Pelosi, a Democrat, also told reporters she spoke to Paulson soon after the $700 billion bill to jump-start stalled capital markets was rejected by the House in a vote of 228-205.
Stocks plunged on Wall Street even before the vote to reject the bill was announced on the House floor. The Dow Jones Industrial Average closed down 777 points.
The failure of the bailout bill—after more than a week of intensive closed-door negotiation intended to hammer out a compromise plan—brought new uncertainty about the response of the government to the worst financial crisis since the Great Depression.
President Bush was set to huddle with economic advisers to consider the administration's next move after the White House failed to win support for the bailout plan from Bush's fellow Republicans.
"There's no question the economy is facing a difficult crisis that needs to be addressed,'' White House spokesman Tony Fratto told reporters.
The bailout plan was announced by the Bush administration last week. In the end, Republican House members voted against it by a more than 2-to-1 margin. A majority of Democrats voted in favor.
Rep. Barney Frank, a Massachusetts Democrat who helped craft the bill in hours of negotiations with leading lawmakers, said the next step could hinge on the economic fallout from the bill's failure.
Capping three hours of debate, House Majority Leader Steny Hoyer of Maryland had warned lawmakers that the cost of inaction would be an economic calamity beyond Wall Street.
"A meltdown would begin, it is true, on a few square miles of Manhattan, but before it was over, all of us know, no city or town in America would be untouched,'' Hoyer said.
Bush and a host of leading congressional figures had implored the lawmakers to pass the legislation despite howls of protest from their constituents back home.
The vote had been preceded by unusually aggressive White House lobbying, and spokesman Tony Fratto said that Bush had used a "call list" of people he wanted to persuade to vote yes as late as just a short time before the vote.

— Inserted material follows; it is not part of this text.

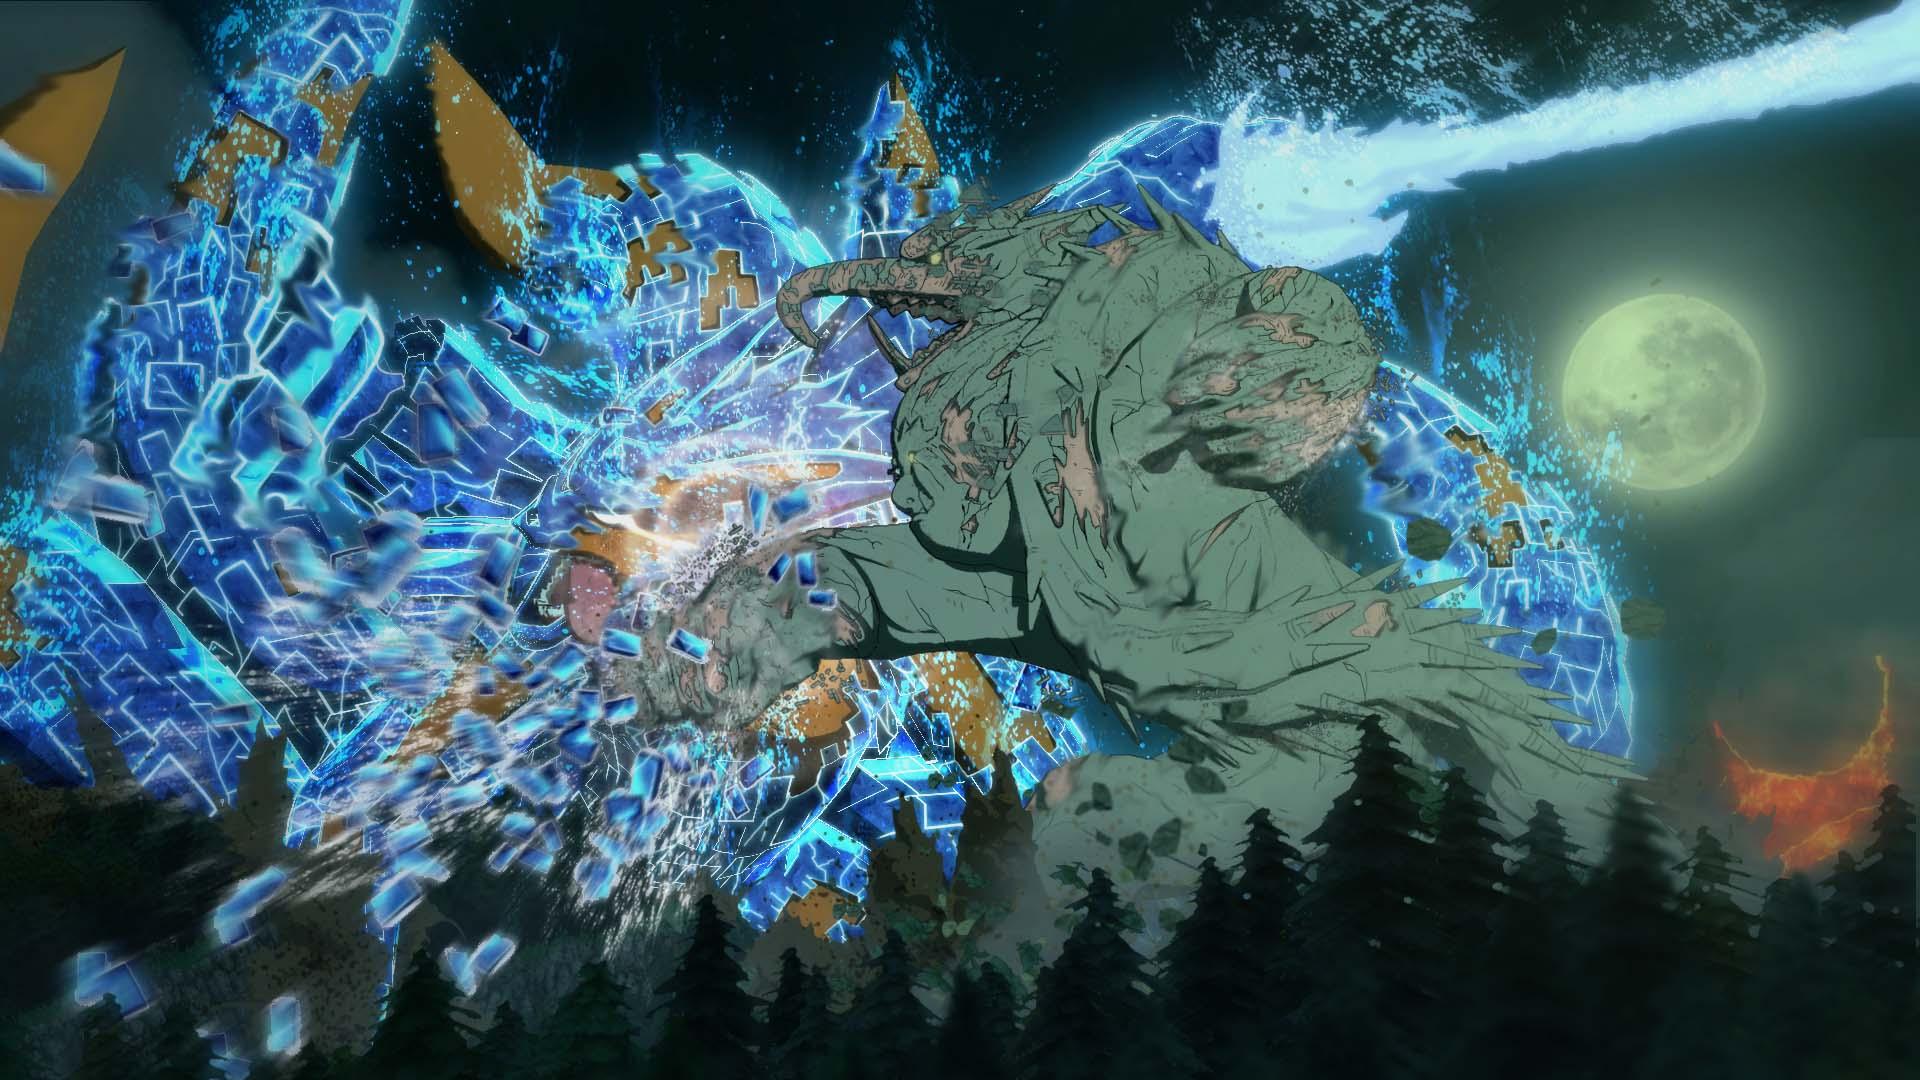 Naruto Shippuden: Ultimate Ninja Storm 4 Kurama in Susanoo armor screenshot

Lawmakers shouted news of the plummeting Dow Jones average as lawmakers crowded on the House floor during the drawn-out and tense call of the roll, which dragged on for roughly 40 minutes as leaders on both sides scrambled to corral enough of their rank-and-file members to support the deeply unpopular measure.
They found only two.
Bush and his economic advisers, as well as congressional leaders in both parties had argued the plan was vital to insulating ordinary Americans from the effects of Wall Street's bad bets.
The version that was up for vote Monday was the product of marathon closed-door negotiations on Capitol Hill over the weekend.
"We're all worried about losing our jobs," Rep. Paul Ryan, R-Wis., declared in an impassioned speech in support of the bill before the vote. "Most of us say, 'I want this thing to pass, but I want you to vote for it—not me.' "
With their dire warnings of impending economic doom and their sweeping request for unprecedented sums of money and authority to bail out cash-starved financial firms, Bush and his economic chiefs have focused the attention of world markets on Congress, Ryan added.
"We're in this moment, and if we fail to do the right thing, Heaven help us," he said.